I really should make a habit of using RSS comment feeds so responses don’t get lost when the posts move to the back pages…

He doesn’t come out and say it, but he needs it to get his intuition-pump going. It’s obvious when you do what Alvin fails to do, which is force armchair speculation to make contact with the way the world actually works. I ask again, what is it for a phenomenon to be adaptive in an evolutionary sense? It is to increase the number of fertile offspring through a heritable variation. Getting hit by a meteor isn’t good for your chances, but meteor-dodging is not a heritable trait and neither is tiger-footrace belief.

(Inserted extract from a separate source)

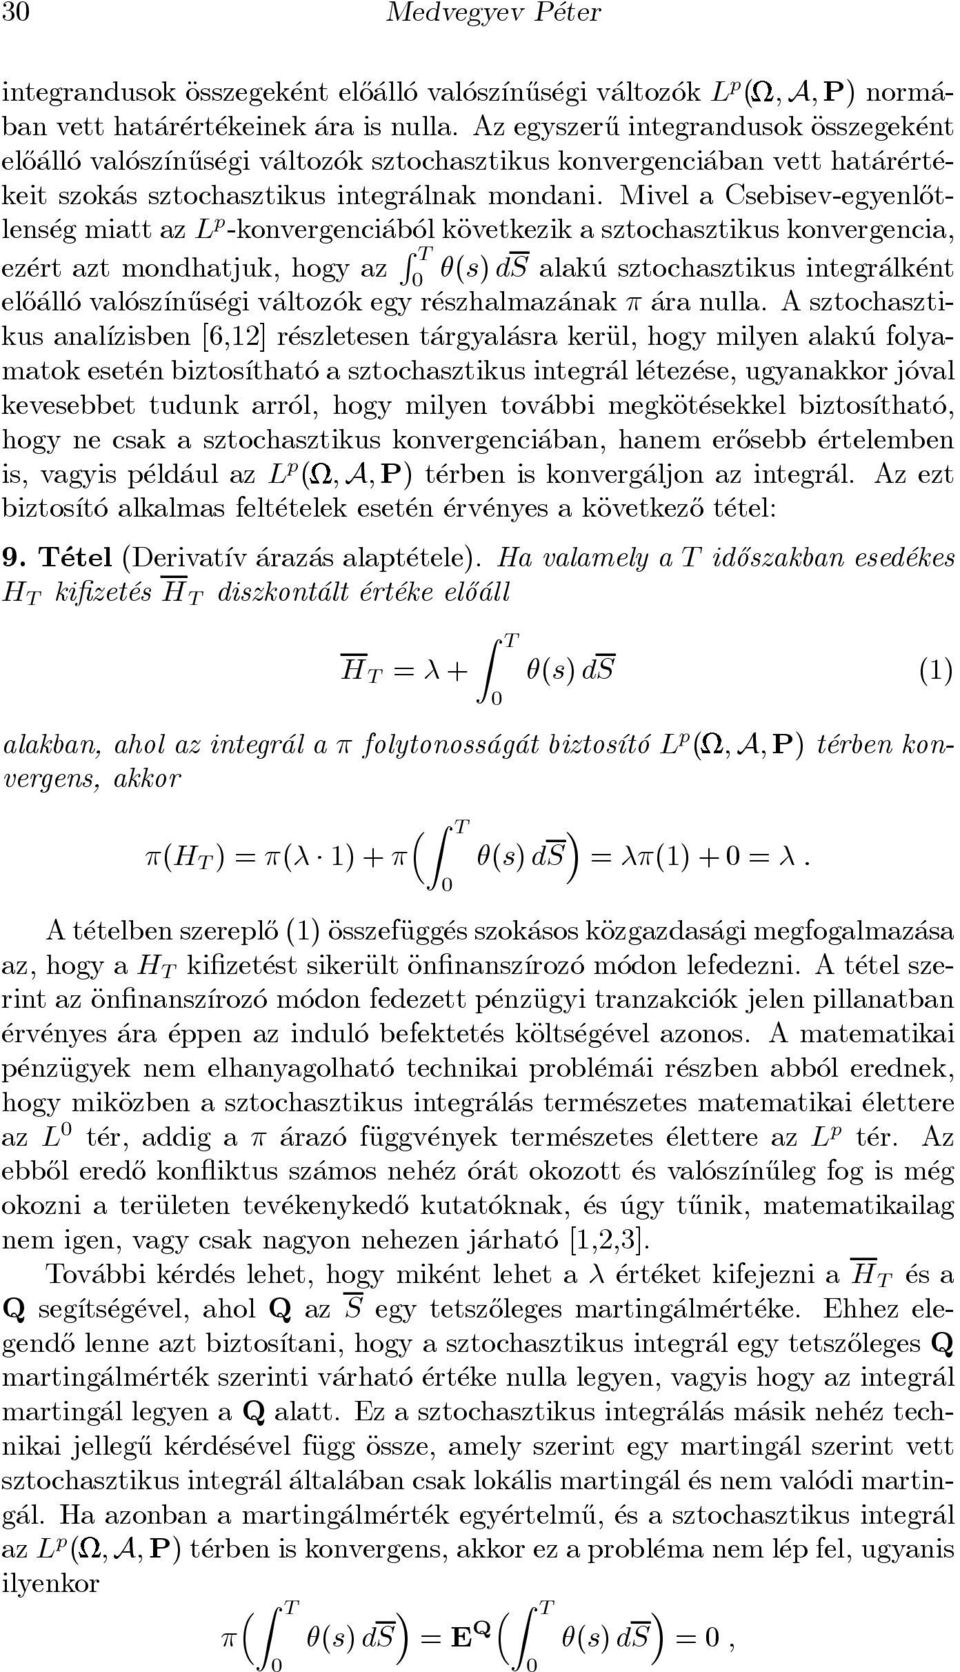 Mivel a Csebisev-egyenl}otlens eg miatt az L p -konvergenci ab ol käovetkezik a sztochasztikus konvergencia, ez ert azt mondhatjuk, hogy az R T µ(s) ds alak u sztochasztikus integr alk ent el}o all o

Flukes are not heritable. Neither are beliefs. Neither are belief-systems. Only belief-system-forming systems are. Even putting aside the obvious fact that tiger-concepts and footrace-concepts are massively embedded in a conceptual web that entails things about e.g. what will happen when you turn to congratulate your opponent that make even non-heritable flukes infinitely more flukey, EAAN fails because evolution is never in a position to select between a BSFS that produces an indefinite number of flukes and one that does not. It only seems superficially plausible because the intuition pump is constructed in such a way as to get you thinking about footrace beliefs in the same way you think about moth pigmentation – as atomic, isolated phenotypic variants visible to selection.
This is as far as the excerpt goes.